• [THE RECORDS]

Segment Open

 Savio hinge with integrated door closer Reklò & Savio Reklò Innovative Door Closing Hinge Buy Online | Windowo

Segment Closed
Segment Open

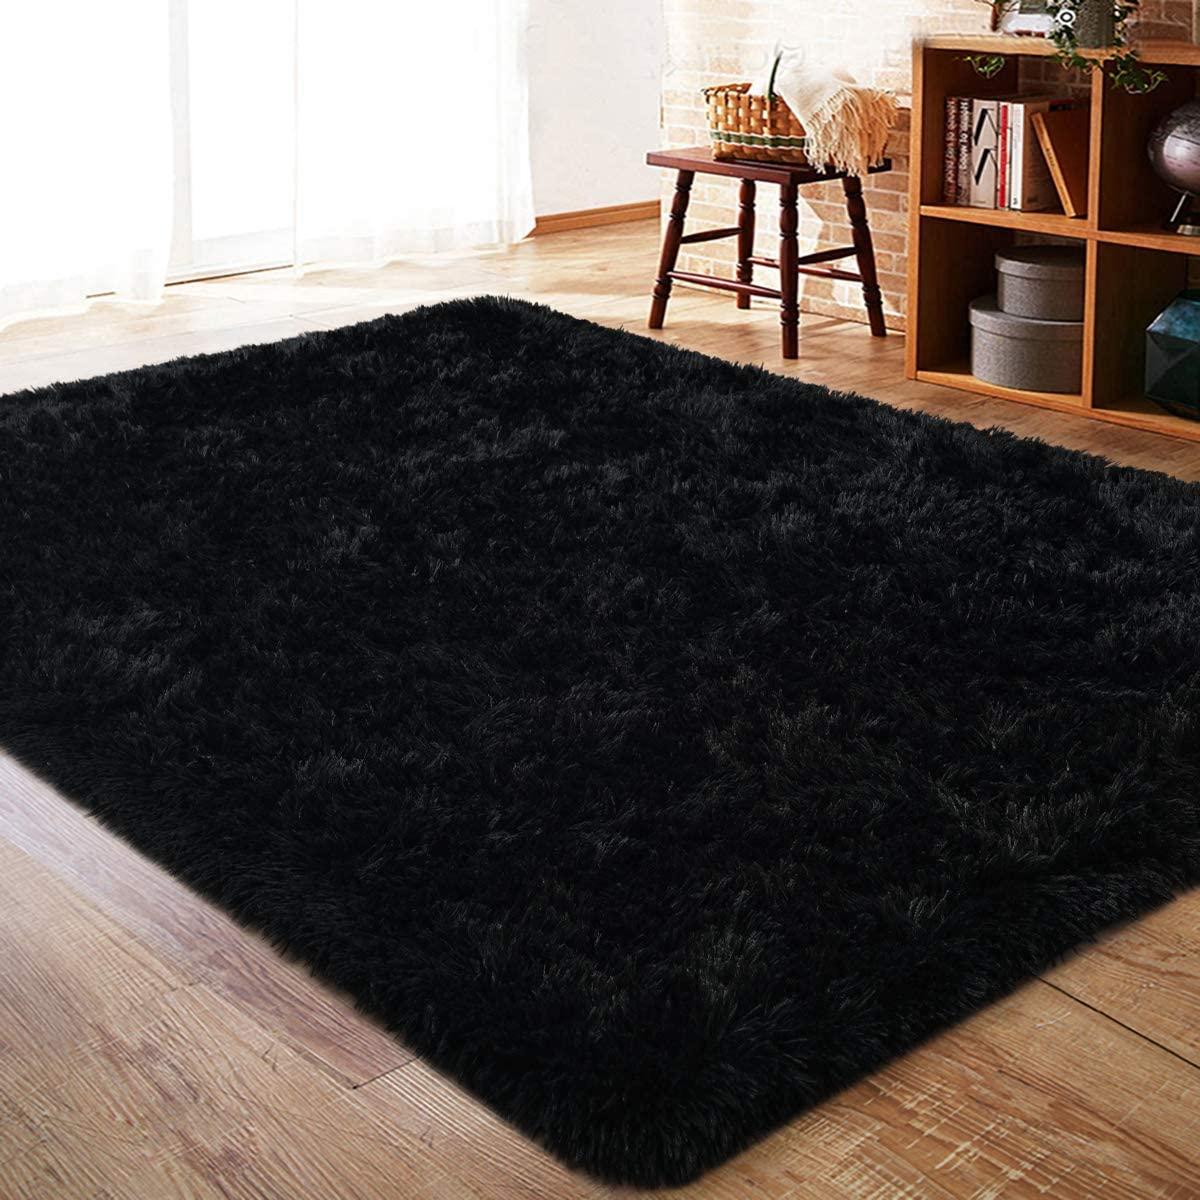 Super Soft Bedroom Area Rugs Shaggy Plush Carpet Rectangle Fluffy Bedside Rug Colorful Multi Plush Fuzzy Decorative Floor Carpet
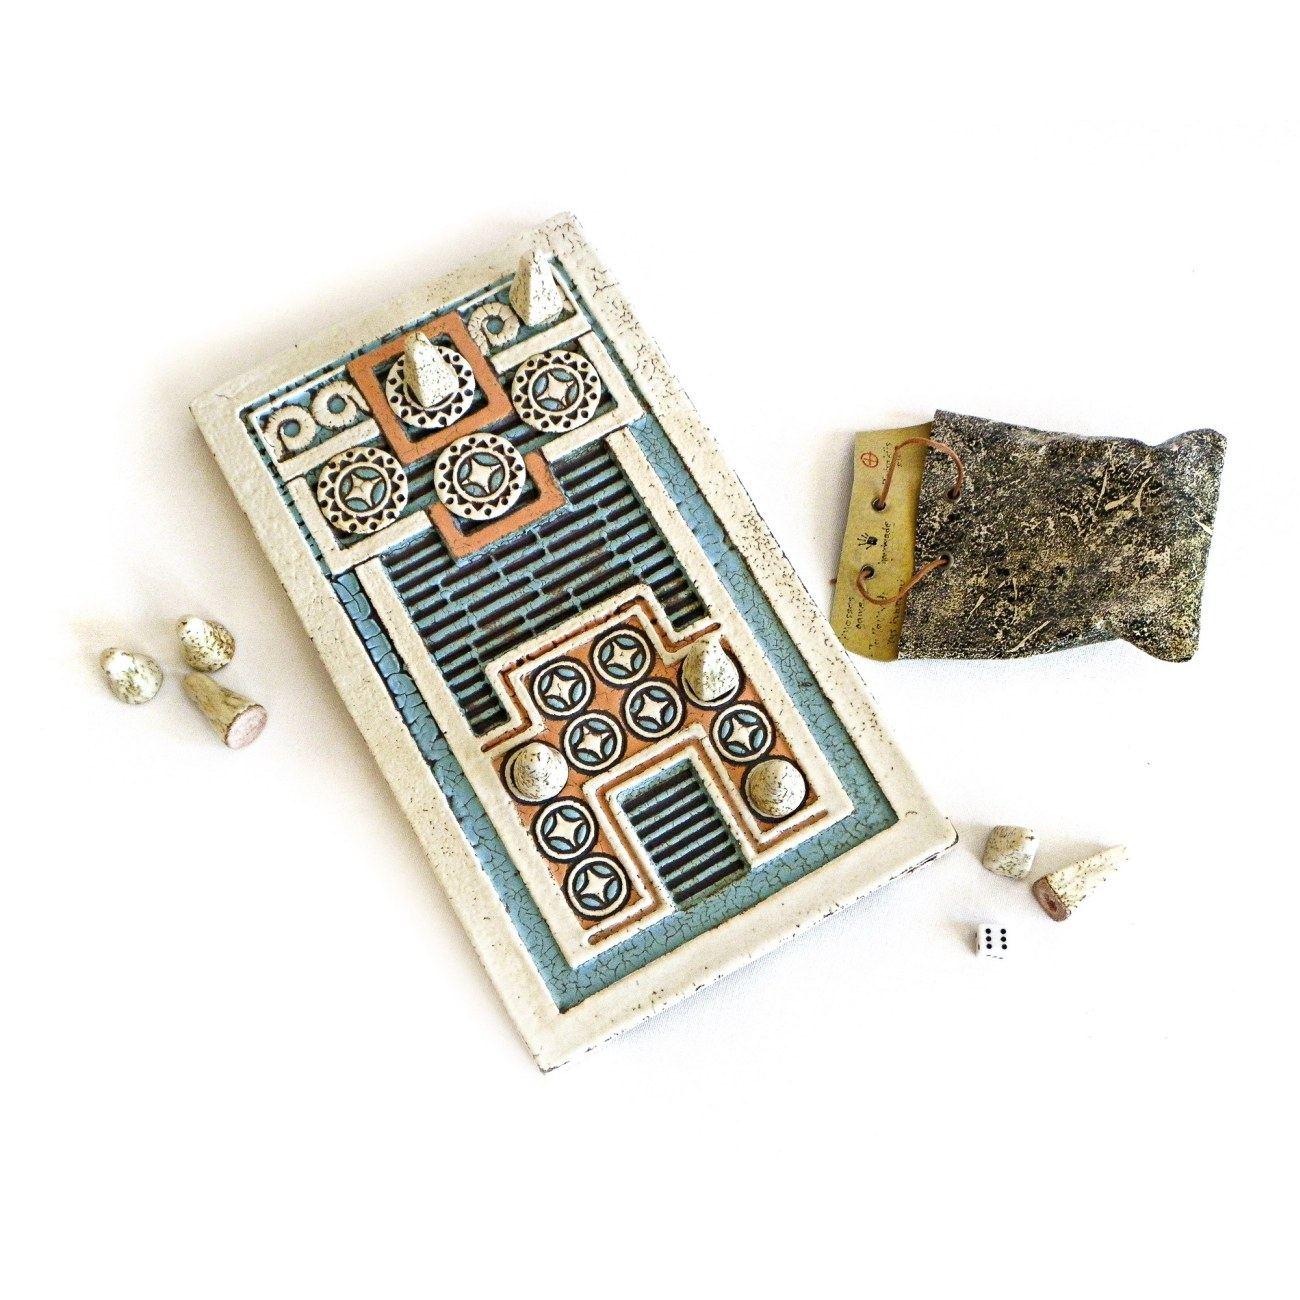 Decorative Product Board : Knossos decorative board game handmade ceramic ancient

Segment Closed
Segment Open

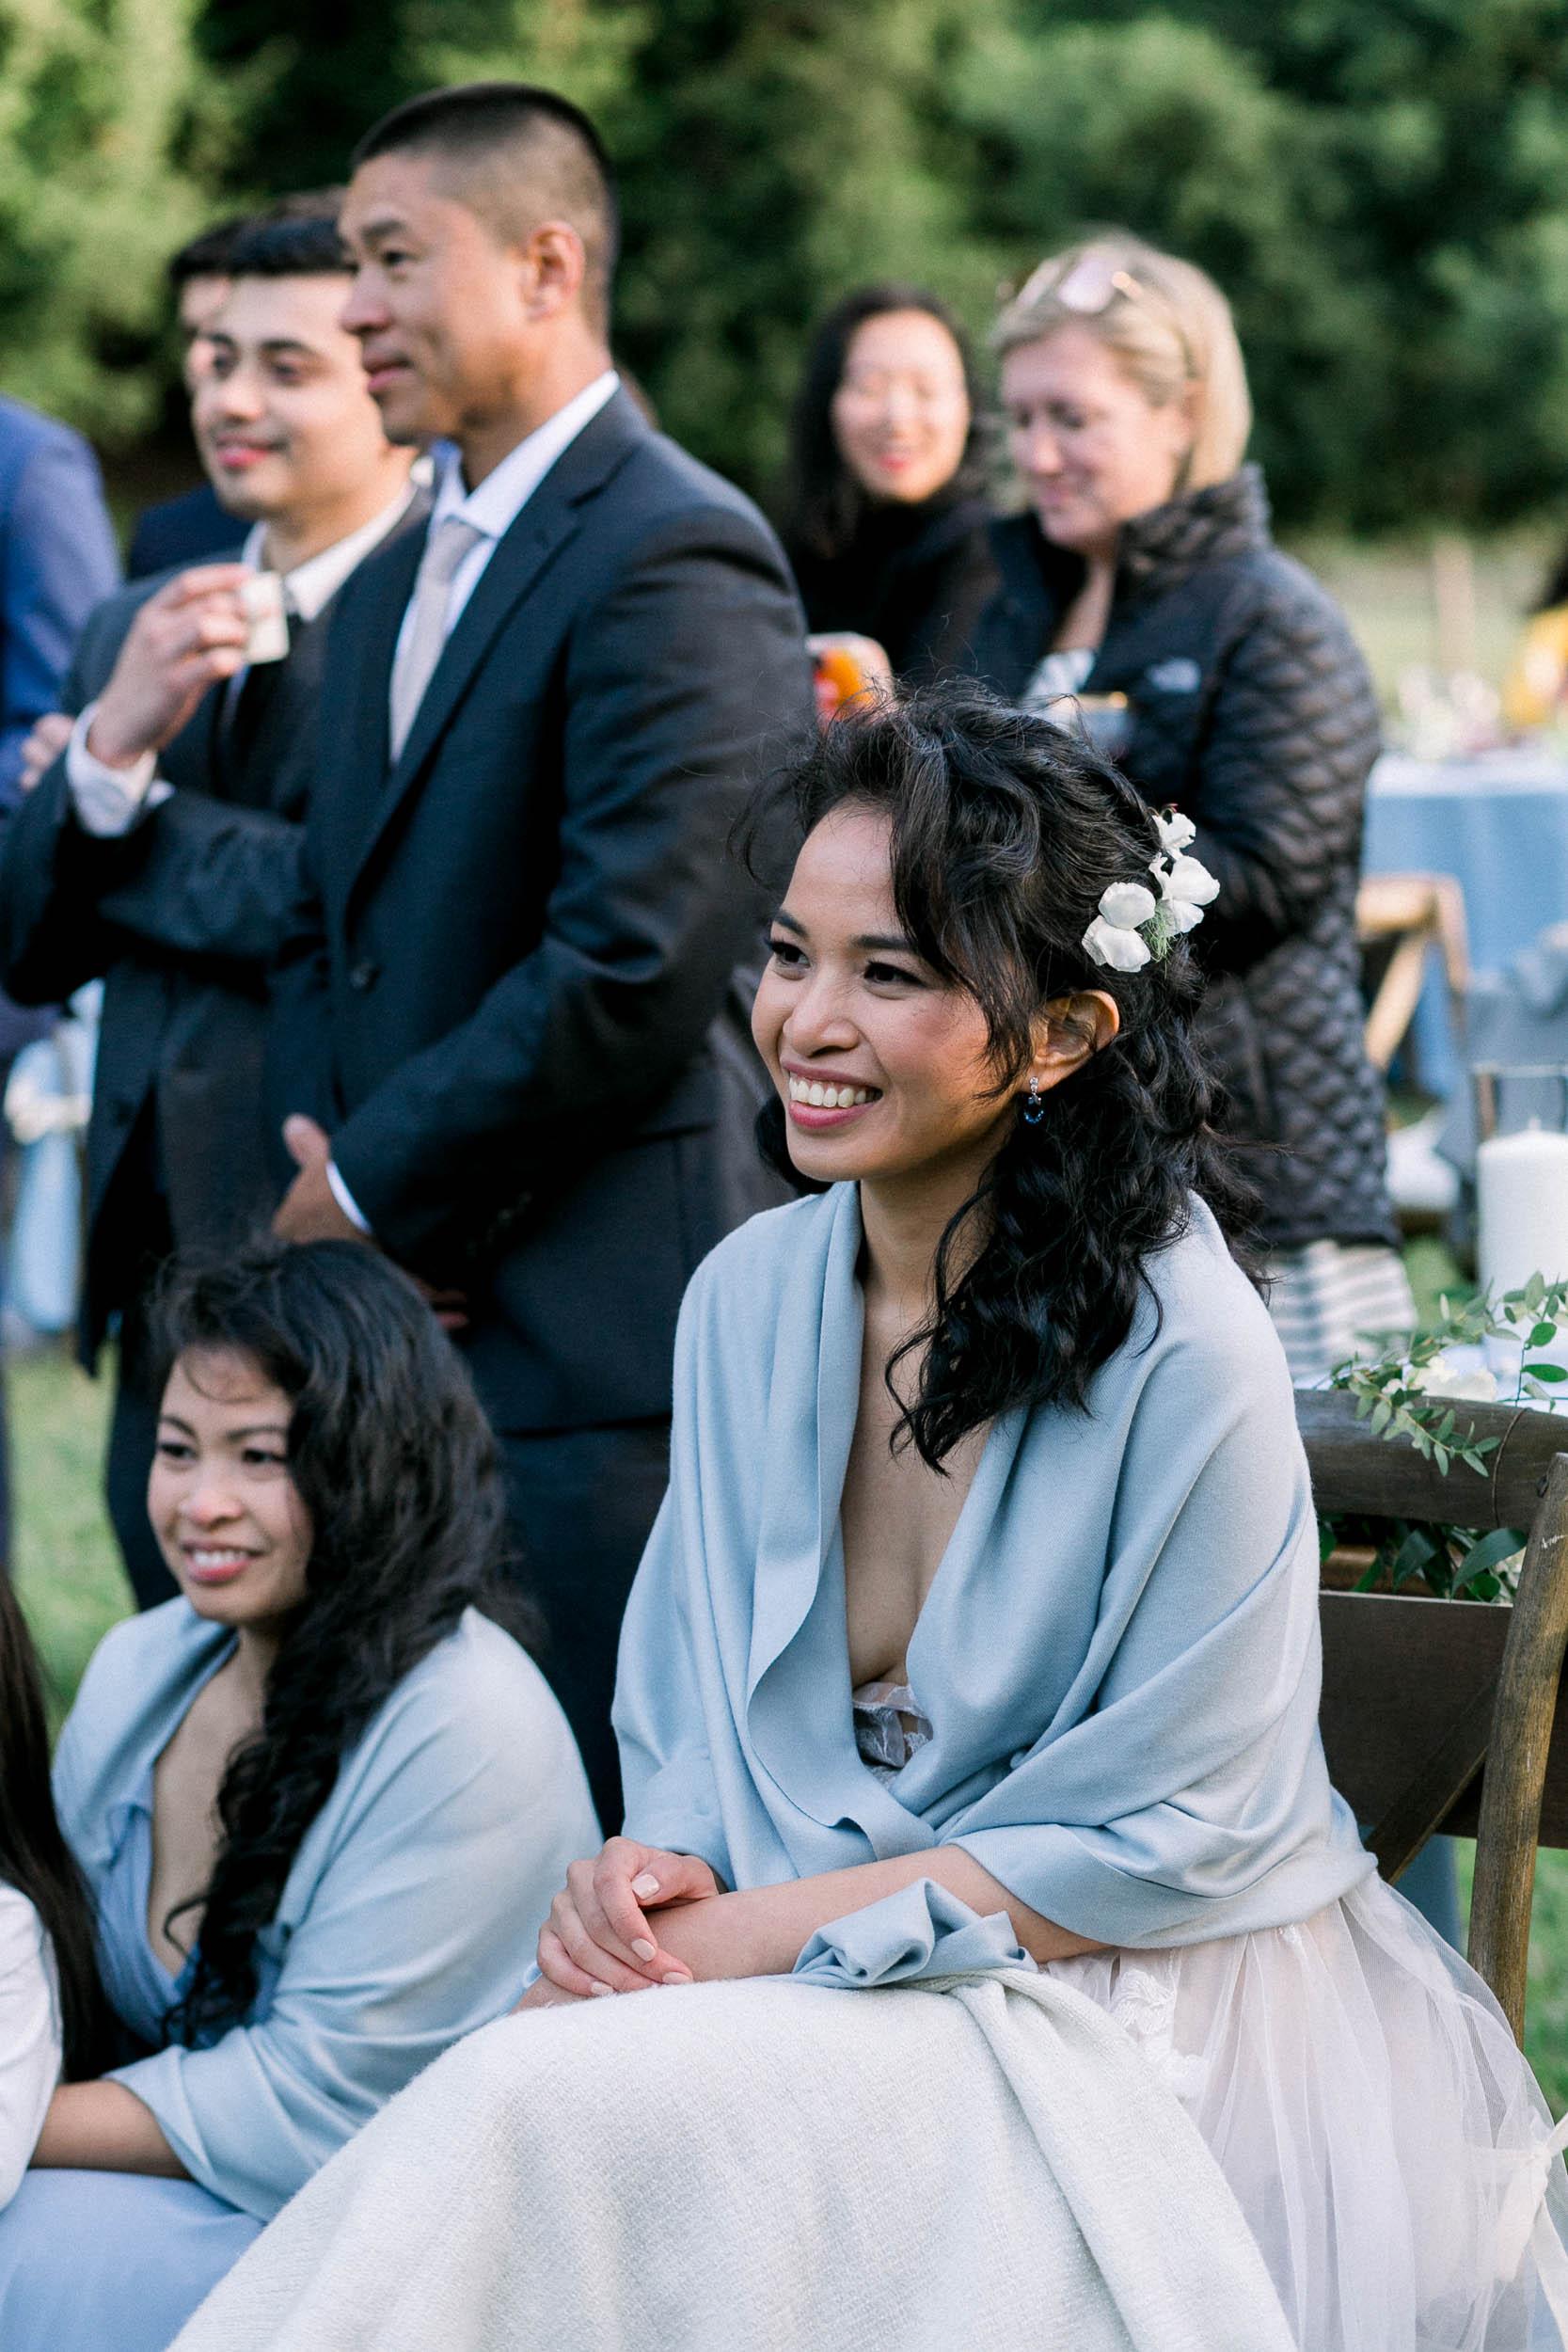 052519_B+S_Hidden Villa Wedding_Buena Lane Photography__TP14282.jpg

Segment Closed

• [WHAT YOU WILL DO]
In the listing above, find the line with "Super Soft Bedroom" and the line with "Decorative Product Board". Copy both of them and every line between, exactly, but not the pictures.

• [REPLY TO THE TASK]
 Super Soft Bedroom Area Rugs Shaggy Plush Carpet Rectangle Fluffy Bedside Rug Colorful Multi Plush Fuzzy Decorative Floor Carpet
 Decorative Product Board : Knossos decorative board game handmade ceramic ancient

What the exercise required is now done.